Disney Wonder was conceived with a variety of public areas—some designated for kids, some for adults, while most catered to both crowds.
After dark, Route 66 is Disney Wonder’s adult-oriented area. Although kids scampered through during the day and early evening, the bars here—Diversion, Cadillac Lounge and WaveBands—were designated age 18 and up after 9 p.m. (drinking was still limited to 21 and up).
This was the Disney Wonder’s all-purpose lounge, the first and last bar to open and shut each day. Located in between Triton’s and Parrot Cay on Deck 3, it got busy just prior to the two evening dinner seatings, especially when a nice sunset was illuminating the oversized porthole windows. There were several sets of light live music each night and the lounge is also a venue for some of the many activities taking place each day—trivia contests, talent competitions, charades, etc. Immediately adjacent is the Internet Station.
Promenade Lounge was open from 8 a.m. till midnight daily.
Although martinis can be made at most bars on the Disney Wonder, the Cadillac Lounge is the place to order one. It not only has an expanded martini and champagne selection, but the swank décor is a seductive immersion into late 1950s Detroit car culture. White fins, red tail lights and leather seats gave Cadillac Lounge its sex appeal, while the piano went live each evening to provide soft background sounds.
Cadillac Lounge was open from 5:30 or 6 p.m. till midnight nightly. The minimum age was 18.
Sitting at the end of Route 66, the adult-oriented section of Deck 3 forward, this dark, subdued lounge was overlooked by many cruisers. Aptly named, Diversions serves as a sports bar and game center—among the scheduled activities were trivia games and Wii challenges, and there were tables with built-in backgammon and chessboards (other board games were available). In the mornings and some early afternoons it was a quiet, untended spot to enjoy a book. Rudimentary nibbles were set out at happy hour—buffalo wings, hot dogs and chips.
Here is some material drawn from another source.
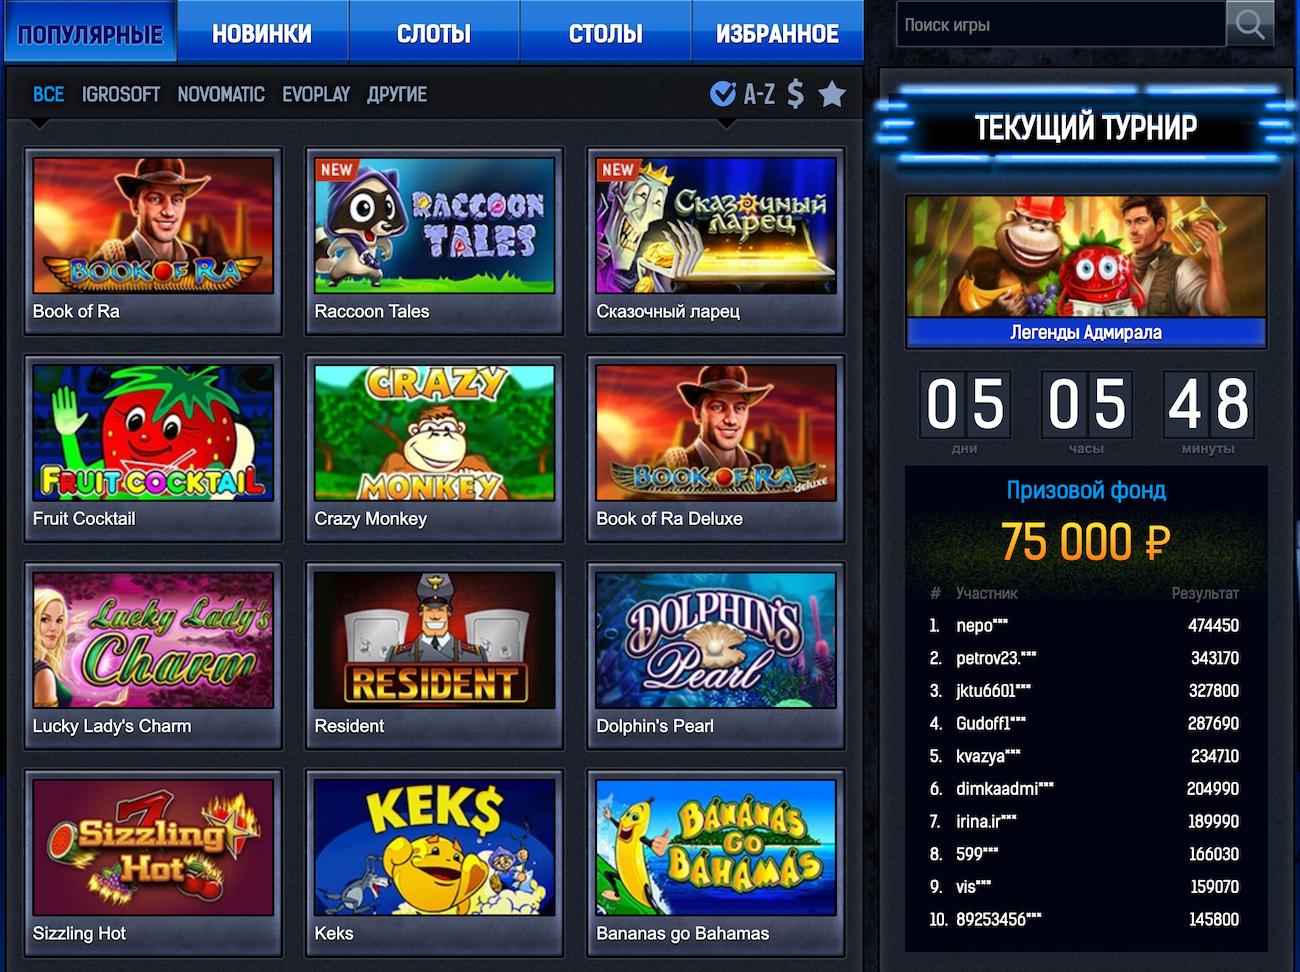 Контакты игровые аппараты играть бесплатно и без регистрации видеочат эро рулетка онлайн

Bartenders staffed Diversions from noon till midnight, though it opened later in the afternoon on port days.
This inviting café was one of our favorite hangouts on Disney Wonder, with seating inside the cozy coffee hours as well as out on the open area of Deck 9, but protected from most of the wind. Though not designated as an adult area of the ship, most kids bypassed Cove Café on their way to the soft drink machine. The varied magazines on a rack for reading included Vogue, the New Yorker, Bon Appetite, Fortune, Parenting, National Geographic, etc.
In addition to coffee drinks and a full bar, small bites were available from a glass fridge at one end of the bar. In the morning there was croissants and muffins, in the late afternoon we found cold cuts, olives, cheese and veggie sticks and dip, and later on a few trays of desserts appeared. There was also a small selection of cigars (though Cove Café itself was designated non-smoking).
A stairwell connects Cove Café with the Outlook Bar, immediately upstairs.
Cove Café was open daily from 6:30 or 7 a.m. till midnight.
Added in 2009, prior to Disney Wonder’s first foray into Alaskan waters, this adults-only lounge is one key venue not found on sister ship Disney Magic. Also known as the Outlook Café, the bar sprawls from port to starboard on Deck 10, providing good vistas of the passing scenery. Whether coming for a drink or the view or just to read, this was a quiet area of the ship.
Outlook Bar was open daily from 10 a.m. till midnight, although one port day it opened at 3 p.m.
The Disney Wonder’s main entryway was here at Deck 3 mid-ship, a three-story space topped by a Dale Chihuly chandelier made of faux glass (real glass is too heavy to be safe at sea, we were told on the ship tour, so lightweight acrylics were used—look closely and you’ll see it doesn’t quite have the gleam of real glass).
The Guest Services counter (or front desk) was here, along with a desk for booking shore excursions, which Disney calls Port Adventures. A number of character greetings took place in the lobby, announced in the ship’s daily newsletter, and this was also the main entrance to Triton’s restaurant.
On disembarkation day, this area was jammed to the gills.